Page 10: Document and Handwriting analysis

INK ANALYSIS

• Another way to verify the authenticity of a document is to perform ink analysis.

• Non-destructive methods include microscopy and luminescence.

• Microscopy is used to distinguish the type of writing instrument used and the color qualities of the ink.

• Visual or infrared luminescence is used to differentiate between inks.

• It can be used to find the original writing on a document that has been obliterated with a different ink or to distinguish sections that have been altered with different inks.

Page 11: Document and Handwriting analysis

CHEMICAL INK ANALYSIS

• Chemical ink analysis requires a short length of a document’s line be removed, which destroys part of the document .

• The traditional method for chemical analysis of ink is to use Thin Layer Chromatography (TLC.)

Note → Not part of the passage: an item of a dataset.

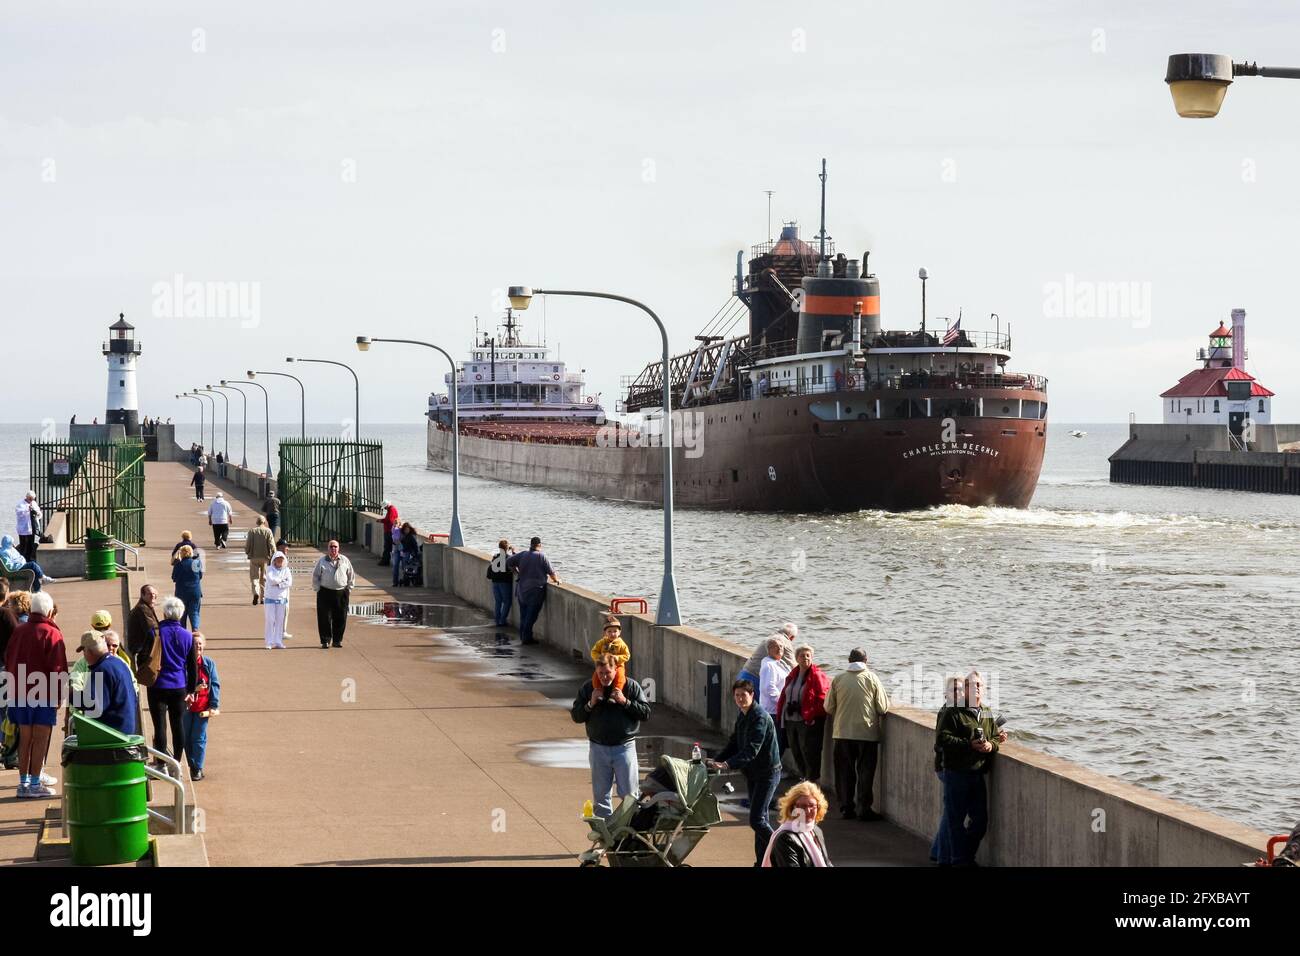 Duluth, Minnesota, Stati Uniti. I turisti godono della vista del Lago superiore e del portarinfuse Charles M. Beeghly che lascia il porto di Duluth. Foto Stock

• It  involves removing several "plugs" of ink and paper from the document, dissolving the ink in a solvent, and then spotting the dissolved ink onto a piece of filter paper.

• The filter paper is suspended over a new solvent with just the tip of the filter paper dipped in the solvent.

• The solvent soon migrates up the filter paper, carrying the ink with it. Distinct bands form, based on the physical and chemical composition of the inks . 

Page 12: Document and Handwriting analysis

CRIME RECONSTRUCTION

• Rarely can experts identify a specific pen as having written various entries on a document. If inks cannot be differentiated one from another by any of the above examinations, this leaves three possibilities:

• The same pen has been used for the entries, or

• Different pens containing the same ink have been used for the entries, e.g. two pens from the same manufacturer, or

• Different pens have been used for the entries which coincidentally contain inks which have identical visual and infrared properties.

• Determining which of these is the case is usually impossible, unless there are significant defects within the writing implement, allowing the identification of a particular pen to be made.

Page 13: Document and Handwriting analysis

FORENSIC HANDWRITING ANALYSIS VS. GRAPHOLOGY

• Graphology is the pseudoscientific study and analysis of handwriting, especially in relation to human psychology. The graphologist looks at a sample of a person’s handwriting and uses it to diagnose a number of personality traits.

• Forensic handwriting analysis, on the other hand, is the scientific comparison of a known sample of a person’s handwriting to an unknown sample. If possible, the experts use several known examples for the comparison.